Restate word for word the part of the material that runs from the line containing "rear view of" through its final line, inclusive, minus the pictures.
══ Data extract
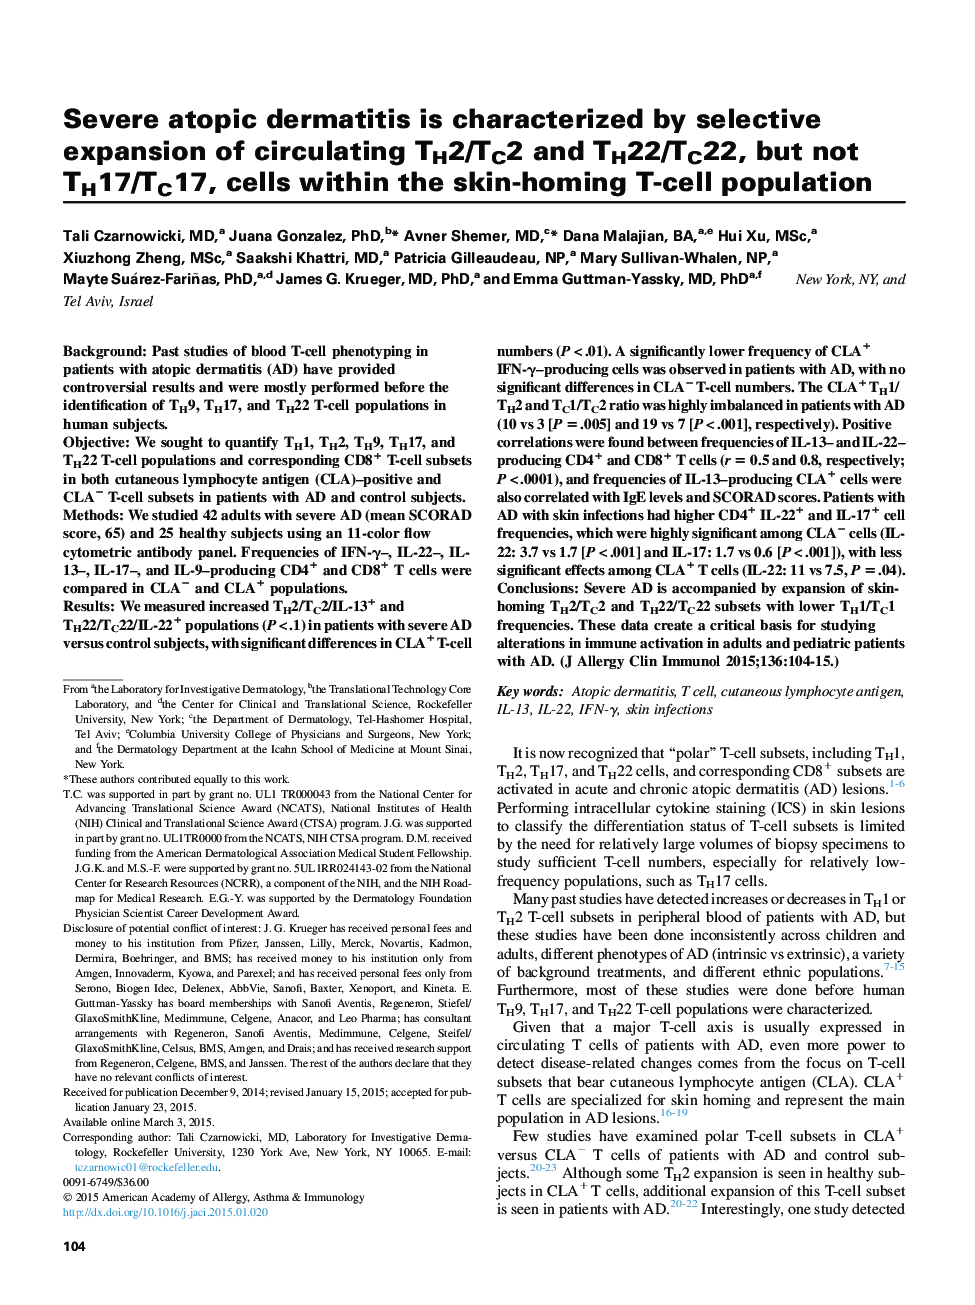 Atopic dermatitis and skin diseaseSevere atopic dermatitis is characterized by selective expansion of circulating TH2/TC2 and TH22/TC22, but not TH17/TC17, cells within the skin-homing T-cell population
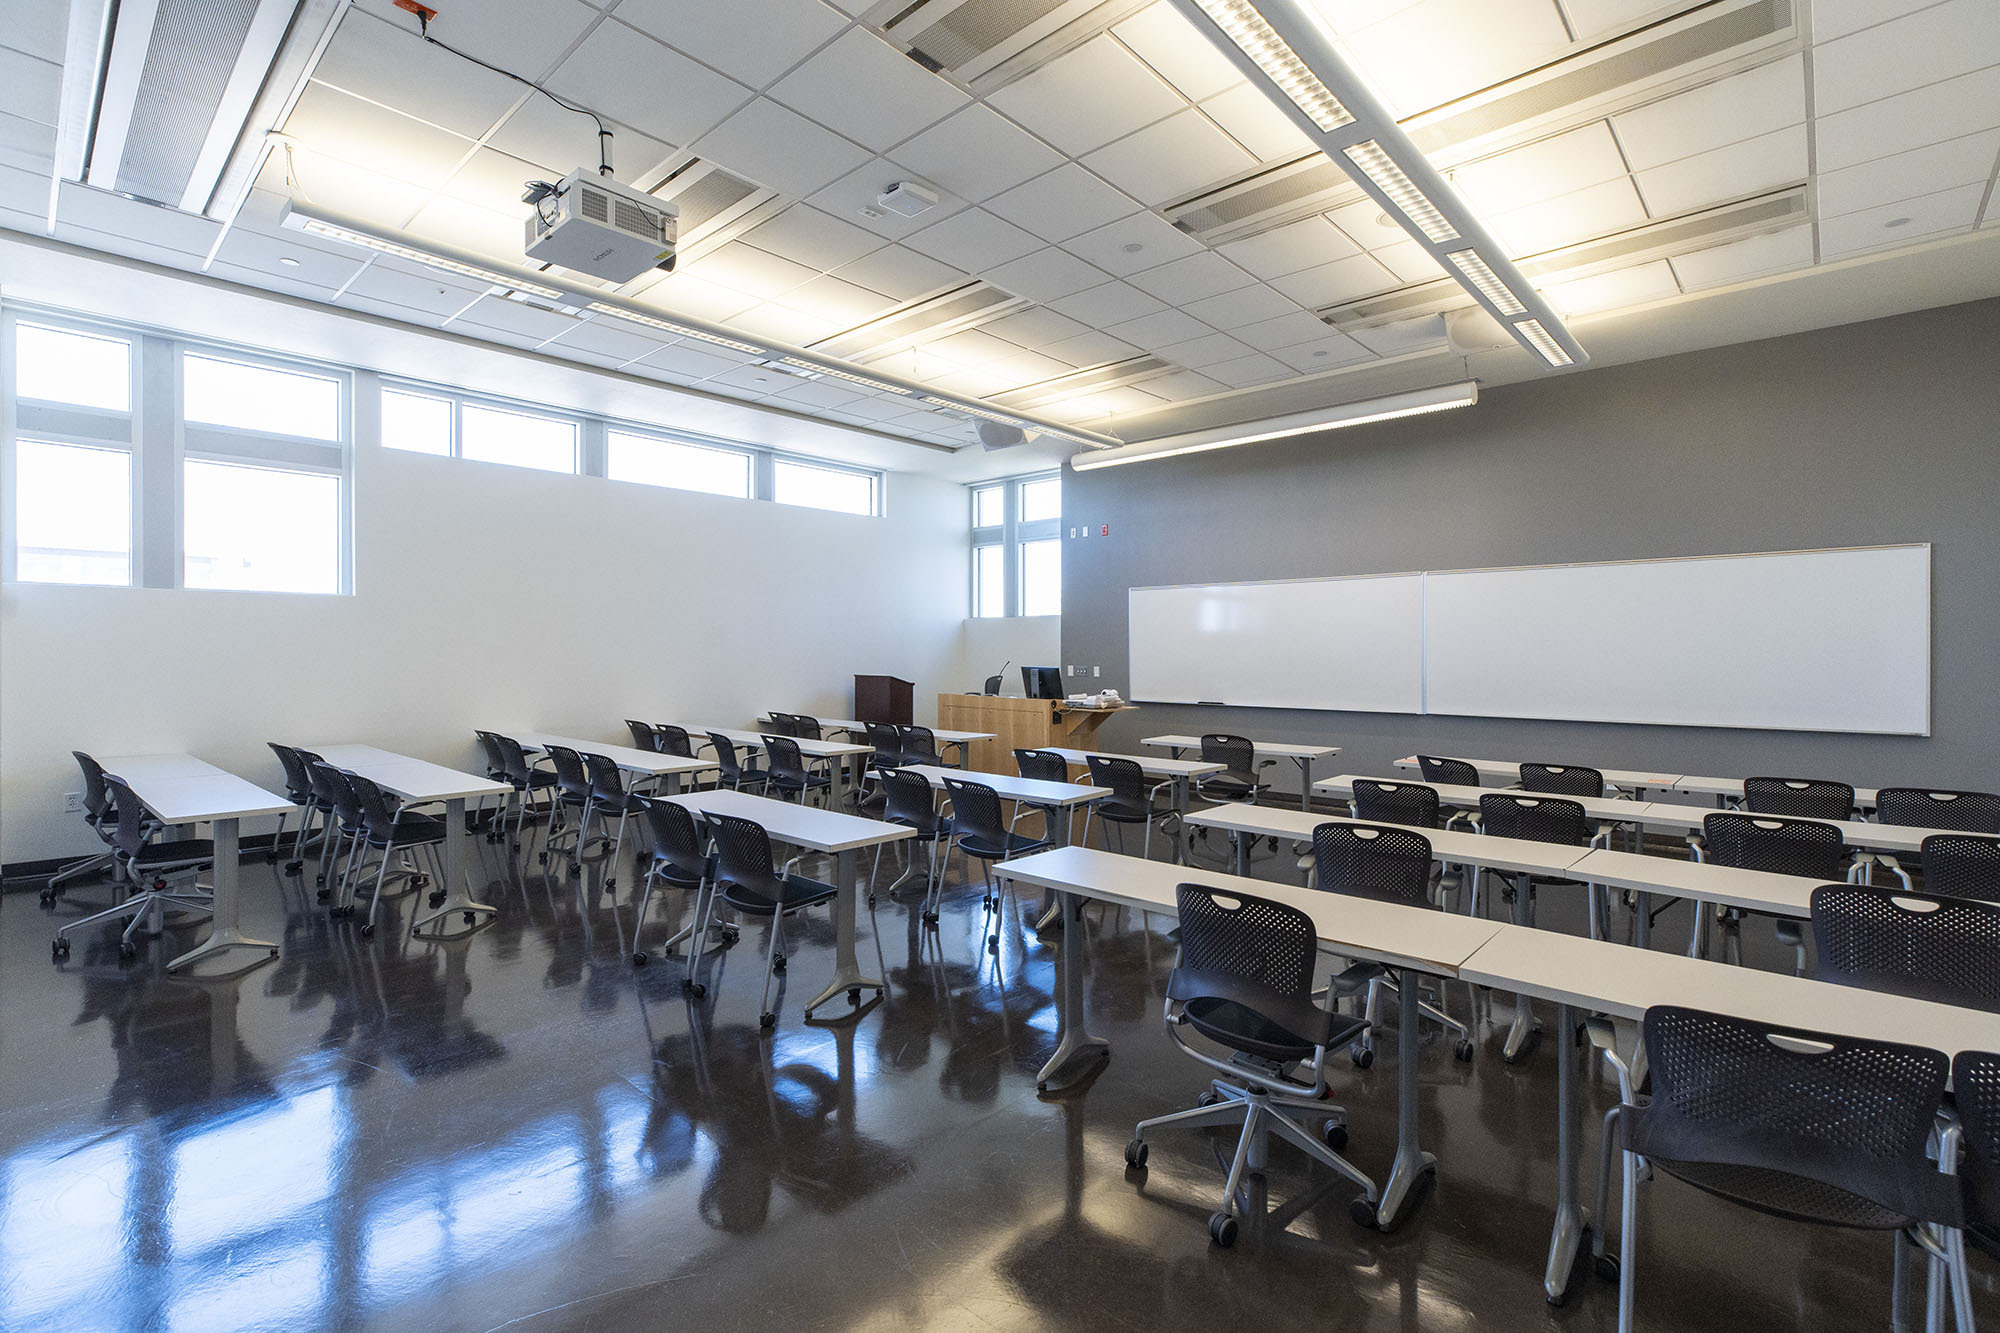 rear view of a UNLV classroom with long whoteboard.
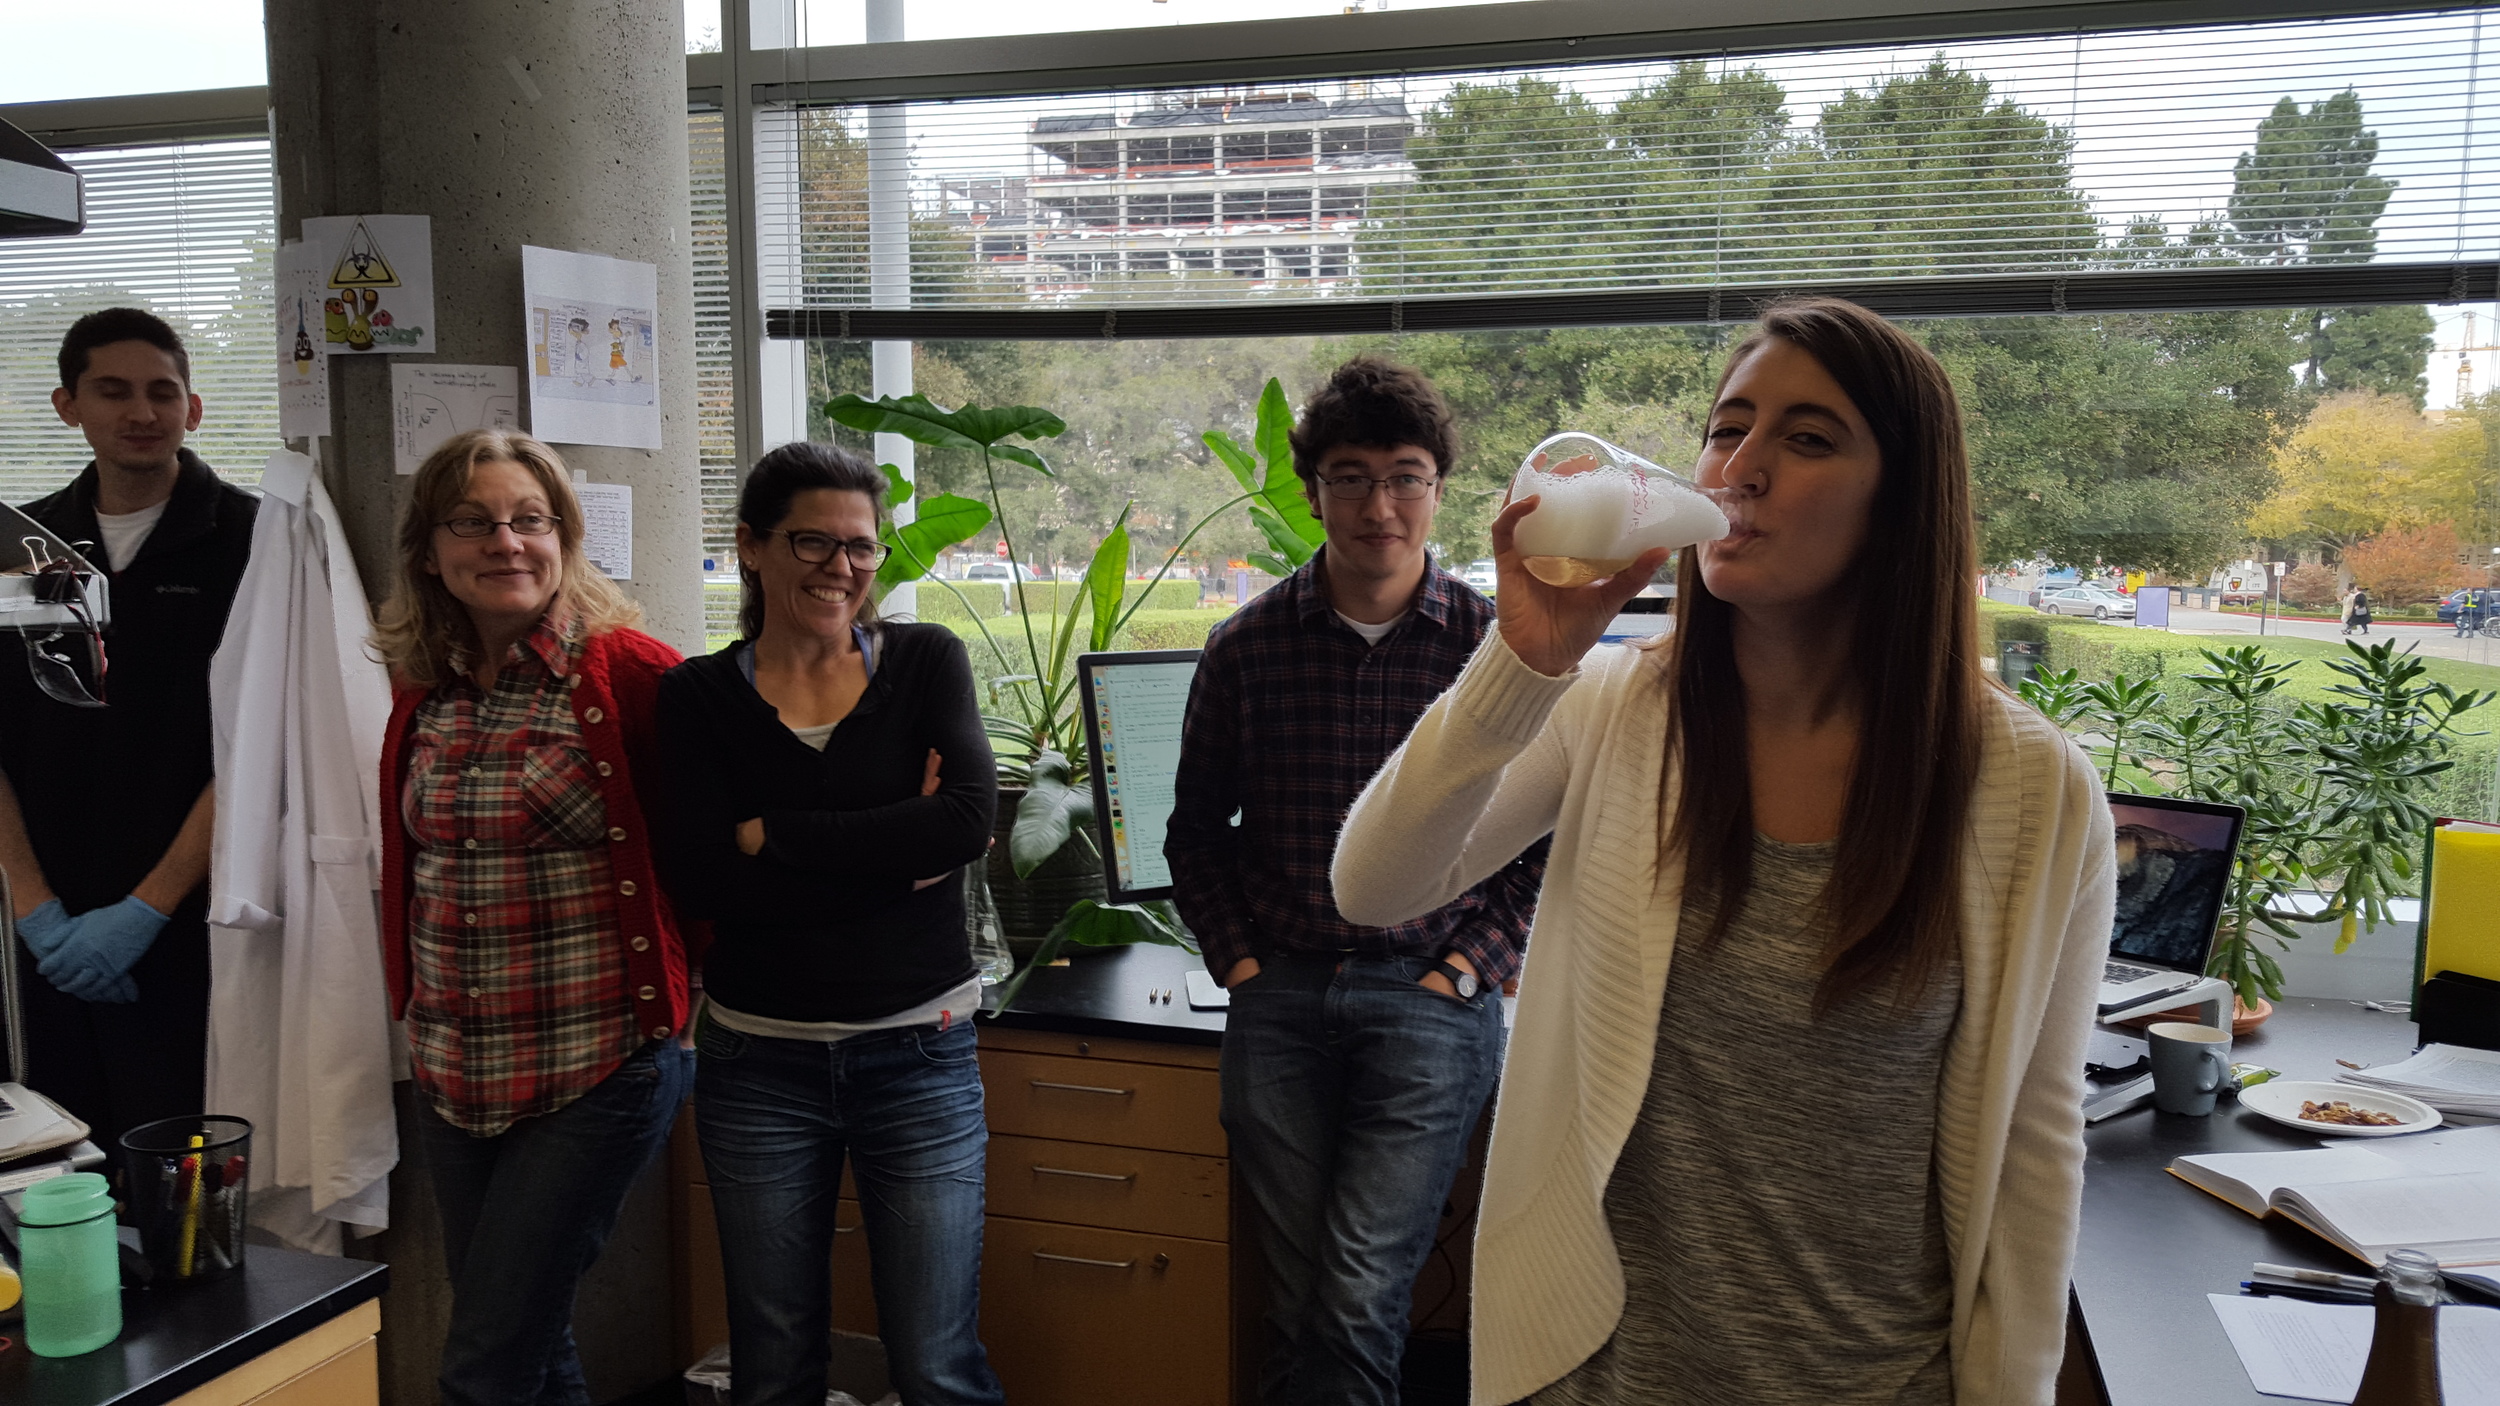 Fiona passes her quals - and drinks from the lab trophy!
════
## Result of the task
 rear view of a UNLV classroom with long whoteboard.
 Fiona passes her quals - and drinks from the lab trophy!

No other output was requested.